Upon microarray analysis, one candidate, FAM110B, demonstrated a decreased translation with a RR ≤0.67. Results of RT-qPCR confirmed the negative translational regulation of this mRNA.

Previous reports described HIPK2 as a tumour suppressor responsive to DNA damage. Its activation downstream of the ATM and/or ATR kinases leads to cell death and growth suppression [25] [26]. Therefore, HIPK2 shares with BRCA1 some common features. This led us to further investigate the regulation of HIPK2 translation.

To determine whether the BRCA1-dependent change in translational activity of HIPK2 mRNA corresponds with a change in its protein product, immunoblots were performed for BRCA1-depleted and control MCF7 cells. As shown in Figure 4A, the HIPK2 protein is induced in BRCA1-depleted MCF7 cells, while β-actin and α-tubulin are unaffected.

A/MCF7 cells transfected with BRCA1-targetting siRNA or control siRNA and total protein extracts were collected 72 h later and subjected to immunoblot analysis for HIPK2 protein, using antibodies provided by Epitomics (Left) and Aviva (Right). B/293T cells transfected with BRCA1-targetting siRNA or control siRNA (Left) or transfected with BRCA1 expressing plasmid or empty plasmid as control (Right) were subjected to immunoblot analysis for HIPK2 protein, using antibodies provided by Epitomics. Blots used β-actin and/or α-tubulin as loading controls. The blots shown are representative of at least three independent experiments.

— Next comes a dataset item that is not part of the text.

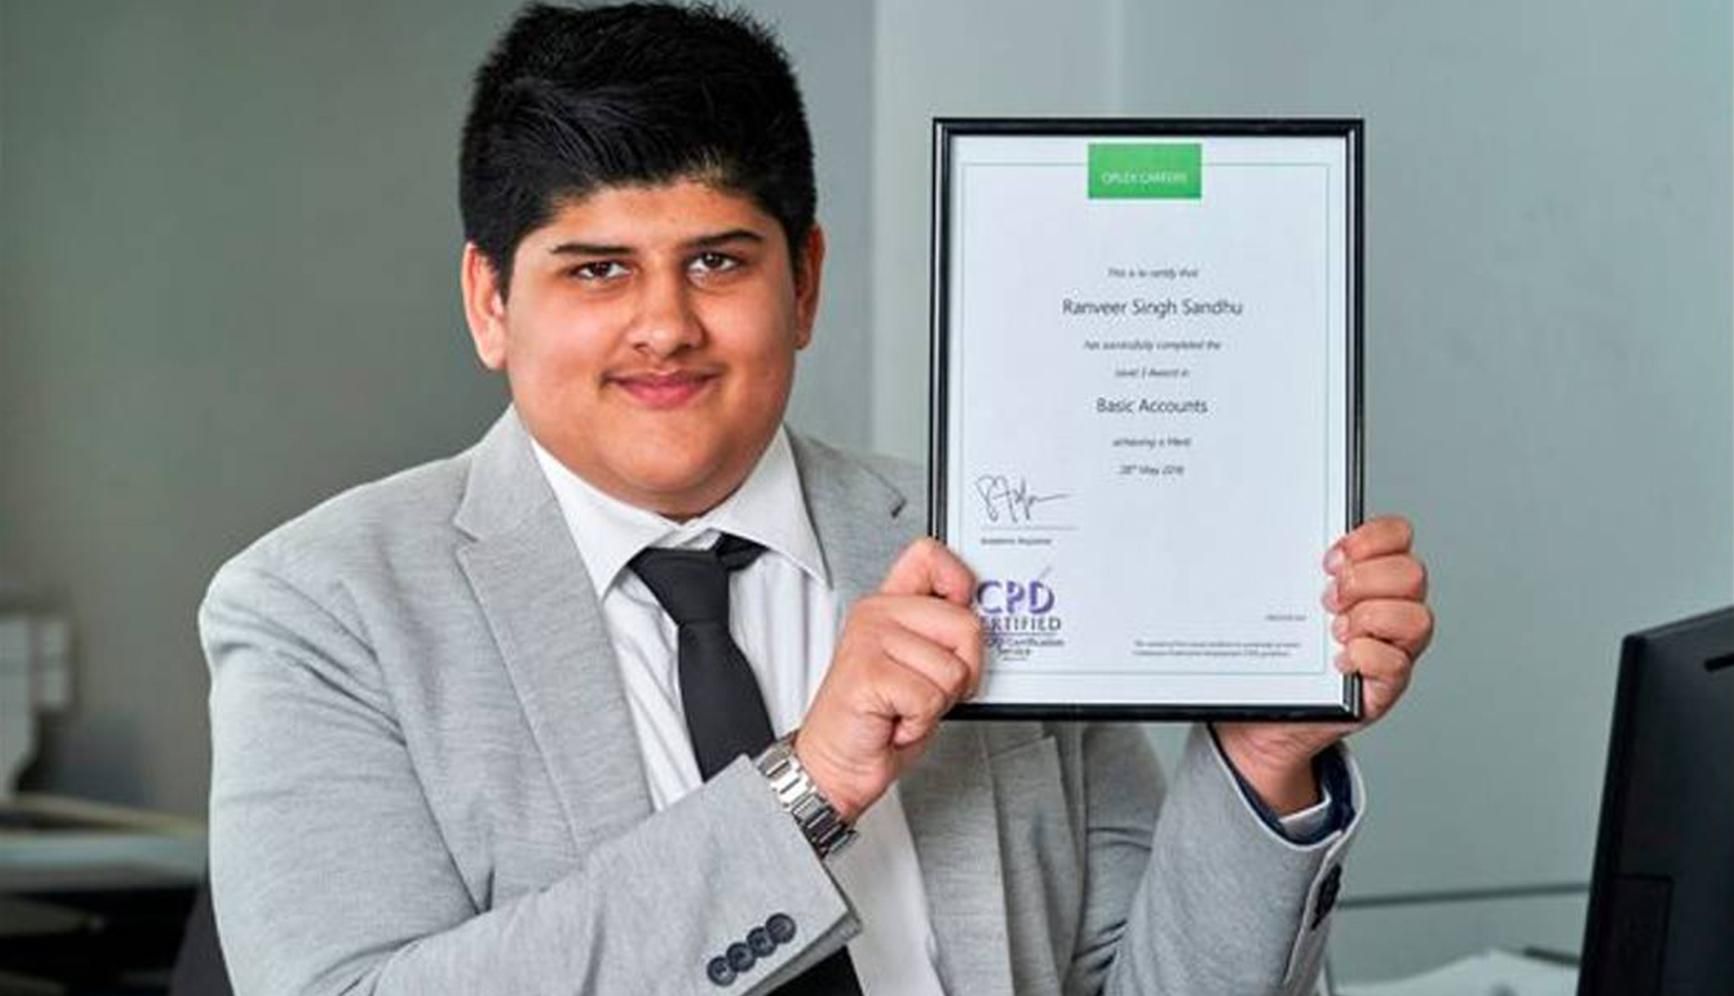 Як 15-річний хлопець став наймолодшим бухгалтером Великої Британії та відкрив свій бізнес

To further ascertain the role of BRCA1 on HIPK2 protein abundance, a second anti-HIPK2 antibody was used to detect HIPK2 protein in BRCA1-depleted and control MCF7 cells. Results confirmed increased HIPK2 protein abundance under BRCA1 depletion (Figure 4A). We also analyzed the impact of RNAi-mediated gene silencing of BRCA1 in non-mammary cells, namely 293T cells. Similar to what has been observed in MCF7 cells, HIPK2 protein is induced in BRCA1-depleted 293T cells. Accordingly, 293T cells that over-expressed BRCA1 exhibited a decreased quantity of HIPK2 protein (Figure 4B).

Discussion

Here, we have used a microarray analysis of polysome-associated mRNA from BRCA1-depleted MCF7 cells to provide a genome-wide overview of the role played by BRCA1 in translational regulation. We calculated the relative translatability through the RR ratio (RR = polyRNA/totRNA) to reveal, for each mRNA, the change in its association with polysomes independently to any change in its total cytoplasmic amount. We demonstrate that BRCA1 modifies the translational regulation of about 7% of genes expressed in MCF7 cells. Our findings also indicate that the translational changes of many mRNAs in BRCA1-depleted cells are explained by their differential association with polysomes coupled with no significant changes in their total mRNA abundance. The modified translatability of other mRNA species originated from modified total mRNA abundance counteracted by consistent presence on polysomes. Interestingly, some mRNAs displayed changes in abundance in polysomes together with opposite changes in total mRNA, suggesting that their recruitment to polysomes is highly controlled by BRCA1.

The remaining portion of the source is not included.